When Gregory Vallone took over as principal of Mulholland Middle School in Lake Balboa five years ago, it had experienced years of enrollment decline. The school once had 1,850 students but was down to 1,250.
Then Vallone started a magnet.
Vallone — a principal, teacher and administrator with LA Unified since 1974 — had been involved in starting magnet programs before, and Mulholland already had a popular police magnet. His father worked in the entertainment industry, and Vallone was thinking of starting a film magnet until he read a quote from Bill Gates comparing the robotics industry to the computer industry of the 1970s.
“Bill Gates is likening the robotics industry today to the computer industry when it started. and if he says that, that’s where I want my kids to go,” Vallone said. “The people that got into computers early on ended up being the leaders of this country and owning the means of production. The people who understand robotics will be the leaders in the next generation.”
So Vallone and key members of his staff got together and started drafting a proposal to start a robotics magnet, and soon after they approached former LA Unified school board member Tamar Galatzan to see if she could help. Galatzan gave the school $150,000 from her discretionary bond funds, which Vallone and his staff used to build a robotics lab for an after-school program that launched last year. The program expanded to a full robotics magnet this year, LA Unified’s first, with roughly 200 6th- and 7th-graders enrolled in the Mulholland Middle School Robotics Magnet.
Vallone said the district projected enrollment would be around 950 this year, but it’s 1,250.
“You have to offer something to the community that they want. We are a business in the end and we serve our community,” Vallone said. “Our community is kind of our boss, and they tell us what they want by leaving the school or coming to the school.”

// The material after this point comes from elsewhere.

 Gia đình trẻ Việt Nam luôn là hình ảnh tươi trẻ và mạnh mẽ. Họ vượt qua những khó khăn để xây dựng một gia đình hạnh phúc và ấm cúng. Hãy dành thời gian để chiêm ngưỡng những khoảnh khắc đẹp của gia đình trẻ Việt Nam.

The early success of the program in attracting students to the school is just what LA Unified leaders and Superintendent Michelle King have sought, as they’ve pegged magnets as a cornerstone strategy to increase enrollment in the district after years of decline.
Mulholland was 87 percent Latino last school year. Thirty-four percent of its tested students met or exceeded the English language arts standard on the latest California Assessment of Student Performance and Progress (CAASPP) tests, and 22 percent met or exceeded the math standard. Both were below the LA Unified average.

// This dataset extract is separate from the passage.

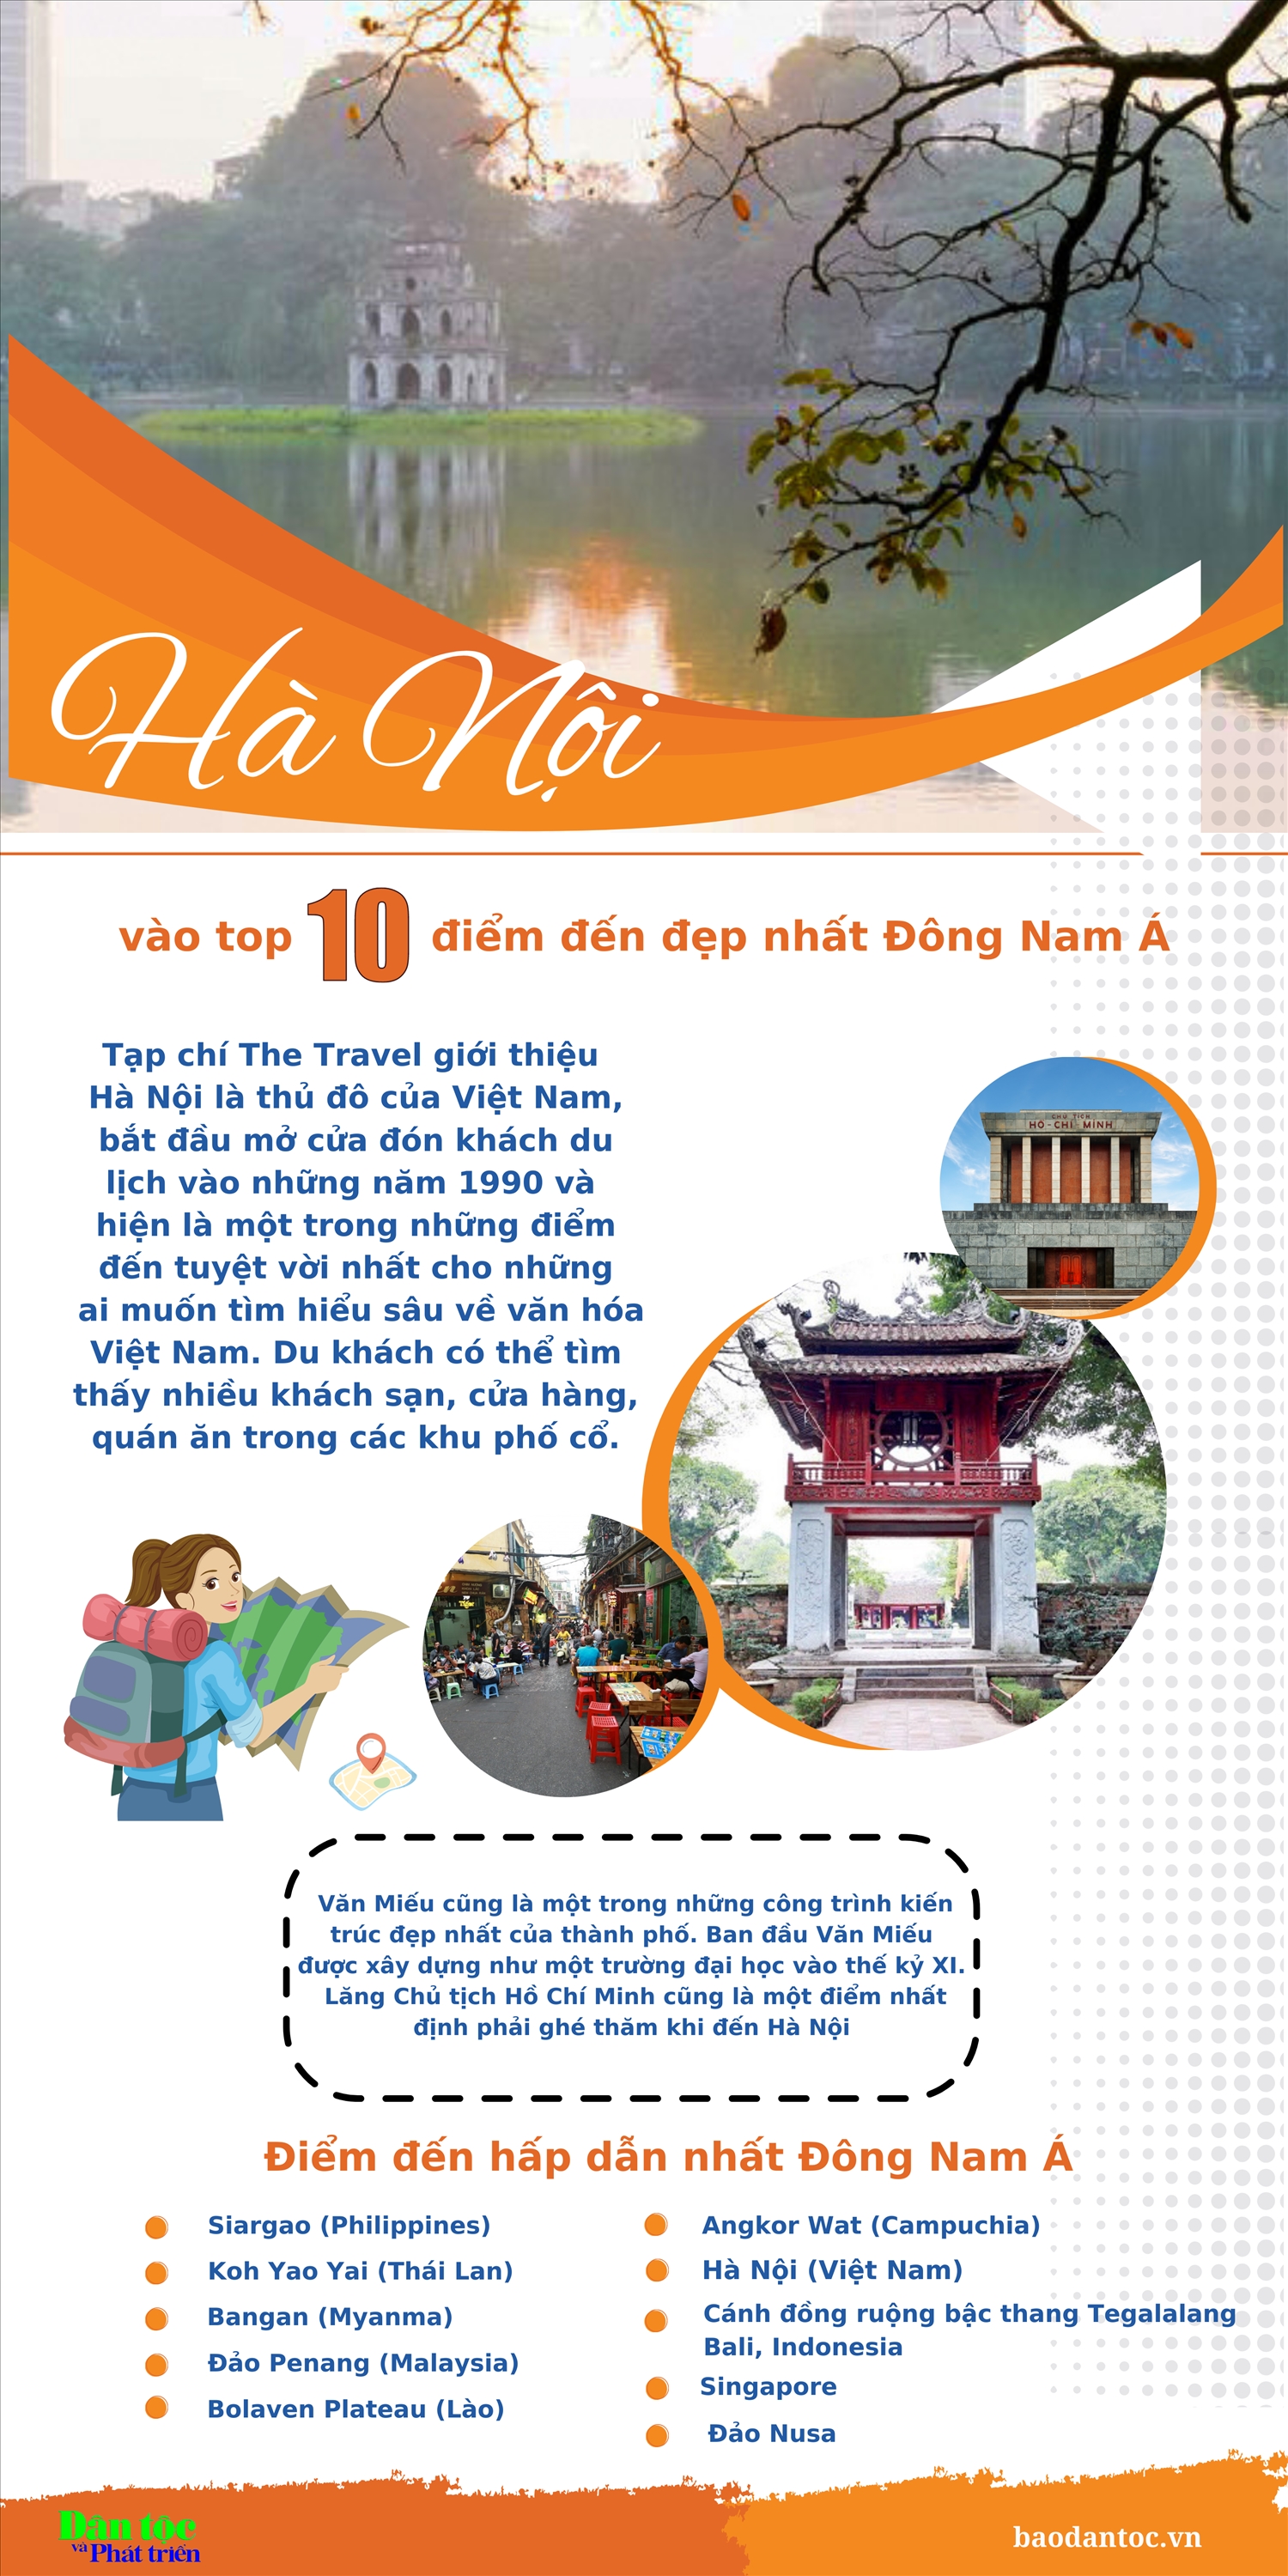 (inforgraphic) Hà Nội vào top 10 điểm đến đẹp nhất Đông Nam Á

Thursday morning, dozens of students buzzed around a 6th-grade classroom as they designed and tested robot rovers. The students work in pairs, building the rovers and authoring the code that controls them. Not surprisingly, many expressed an interest in becoming scientists or engineers. And maybe, you know, altering the world as we know it.
Sixth-grader Dean Gendernalik said when he grows up he wants to “try to fit a nuclear power source on almost anything, because nuclear power sources last for almost ever, but maybe I will make it so it’s a little more stable so it doesn’t just blow up.”
Seventh-grader Cassandra Funez also is not lacking in ambition.
“It’s very rare to see a woman doing engineering, so I thought it would be a rare idea to do it,” Funez said when asked what attracted her to the school.
As a STEAM (science, technology, engineering, arts and math) program, the focus on robotics and science can extend far beyond the lab. Steven Lee, who teaches English language arts and history, finds creative ways to include robotics as part of his regular lesson plans. One writing lesson asked the kids to envision what a perfect robot would be.
“Of course, one wrote that the perfect robot would do all their homework. But others had more humanitarian visions,” he said.
Dan Luna spent 13 years teaching at Plummer Elementary before starting at Mulholland this semester teaching robotics, math and science. He said that because it’s a new program, the students aren’t the only ones learning new tricks.
“One difficulty we are having is they are not used to a lot of collaboration and group work, and to train them to use this as a tool and not necessarily a toy, that’s going to be the biggest challenge. Trying to get them to focus on their math work at the same time as a Lego project, that’s the most difficult thing I am having to deal with right now,” he said.
The students will be learning about how robotics work on land, air and sea. Construction is still underway on a tank where the kids can test out submersibles, Vallone said, and they will also get to build drones.
“We aren’t leveling the playing field here. I’m about defining our own playing field, because these kids will be the leaders in their generation,” Vallone said.
Vallone said the magnet school is organizing a robotics competition league and plans to have every middle school in Local District Northwest, which encompasses the west San Fernando Valley, signed up to participate by the end of September. Many of the other schools have at least one robotics class or an after-school program, and Vallone wants each to form a team and join the league.
“Technology and progress are not going to wait for anyone, but our kids are going to be ready for it,” Vallone said.